An extreme skier, starting from rest, coasts down a mountain slope that makes an angle 25.0° with the horizontal. The coefficient of kinetic friction between her skis and the snow is 0.200. She coasts for a distance of 13.8 m before coming to the edge of a cliff. Without slowing down, she skis off the cliff and lands downhill at a point whose vertical distance is 4.50 m below the edge. How fast is she going just before she lands?

Question

An extreme skier, starting from rest, coasts down a mountain slope that makes an angle 25.0° with the horizontal. The coefficient of kinetic friction between her skis and the snow is 0.200. She coasts for a distance of 13.8 m before coming to the edge of a cliff. Without slowing down, she skis off the cliff and lands downhill at a point whose vertical distance is 4.50 m below the edge. How fast is she going just before she lands?

Answer 1

First calculate the potential energy decrease per unit mass,

delta PE = g *(13.8 sin25 + 4.50)
Subtract from that the work done against friction while on snow (per unit mass),
g*cos25*0.20*13.8

The result should be the kinetic energy per unit mass when she lands, which is V^2/2

Use that to calculate the final speed, V

Answer 2

To calculate the speed at which the skier lands, we need to find her speed at the edge of the cliff and then use that to determine her speed when she lands 4.50 m below.

First, let's find the skier's speed at the edge of the cliff. We can use the principle of conservation of mechanical energy to solve this problem.

The initial mechanical energy of the skier is given by:

E_initial = m * g * h_initial

Where:
m = mass of the skier
g = acceleration due to gravity (9.8 m/s^2)
h_initial = vertical distance at the edge of the cliff

The final mechanical energy of the skier is given by:

E_final = m * g * h_final + (1/2) * m * v^2

Where:
h_final = vertical distance below the edge (4.50 m)
v = speed at the edge of the cliff (what we're looking for)

Since there are no non-conservative forces acting on the skier (such as air resistance), the initial mechanical energy should be equal to the final mechanical energy:

E_initial = E_final

m * g * h_initial = m * g * h_final + (1/2) * m * v^2

Now, let's plug in the given values:

h_initial = 0 (since the skier starts from rest)
h_final = -4.50 m (negative because it is below the initial position)

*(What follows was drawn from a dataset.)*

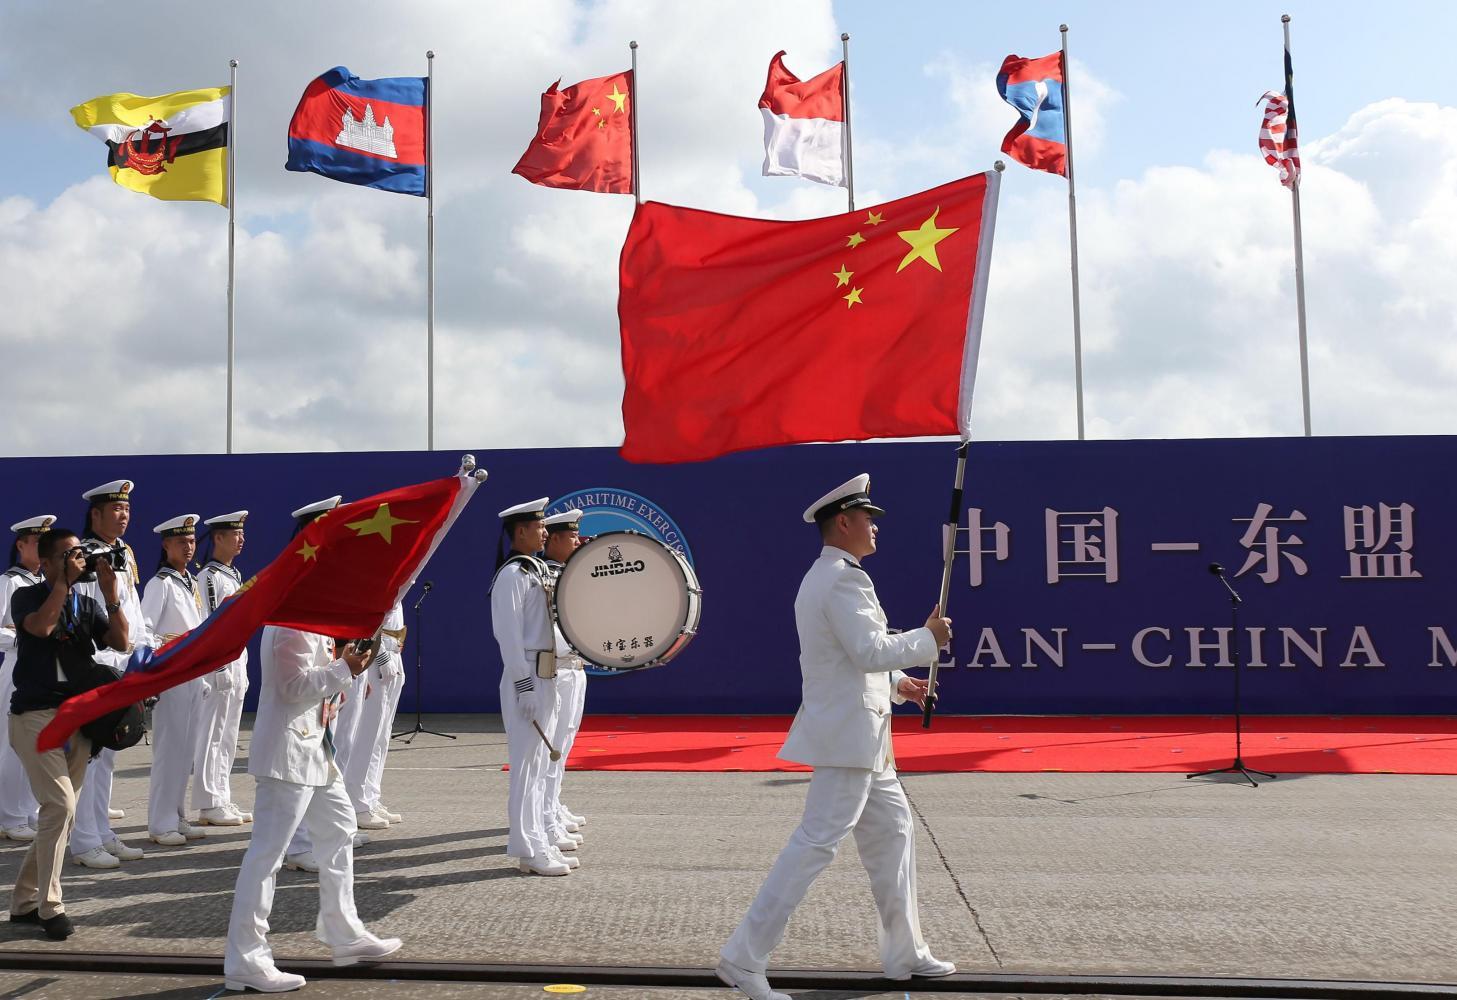 Asean, China promote Asian values

m * g * 0 = m * g * (-4.50 m) + (1/2) * m * v^2

Simplifying the equation:

0 = -4.50 * 9.8 m/s^2 + (1/2) * v^2

Rearranging the equation:

(1/2) * v^2 = 4.50 * 9.8 m/s^2

v^2 = 2 * 4.50 * 9.8 m/s^2

v^2 = 88.2 m^2/s^2

Finally, taking the square root of both sides to find v:

v = √(88.2 m^2/s^2)

v ≈ 9.39 m/s

Therefore, the skier's speed just before landing is approximately 9.39 m/s.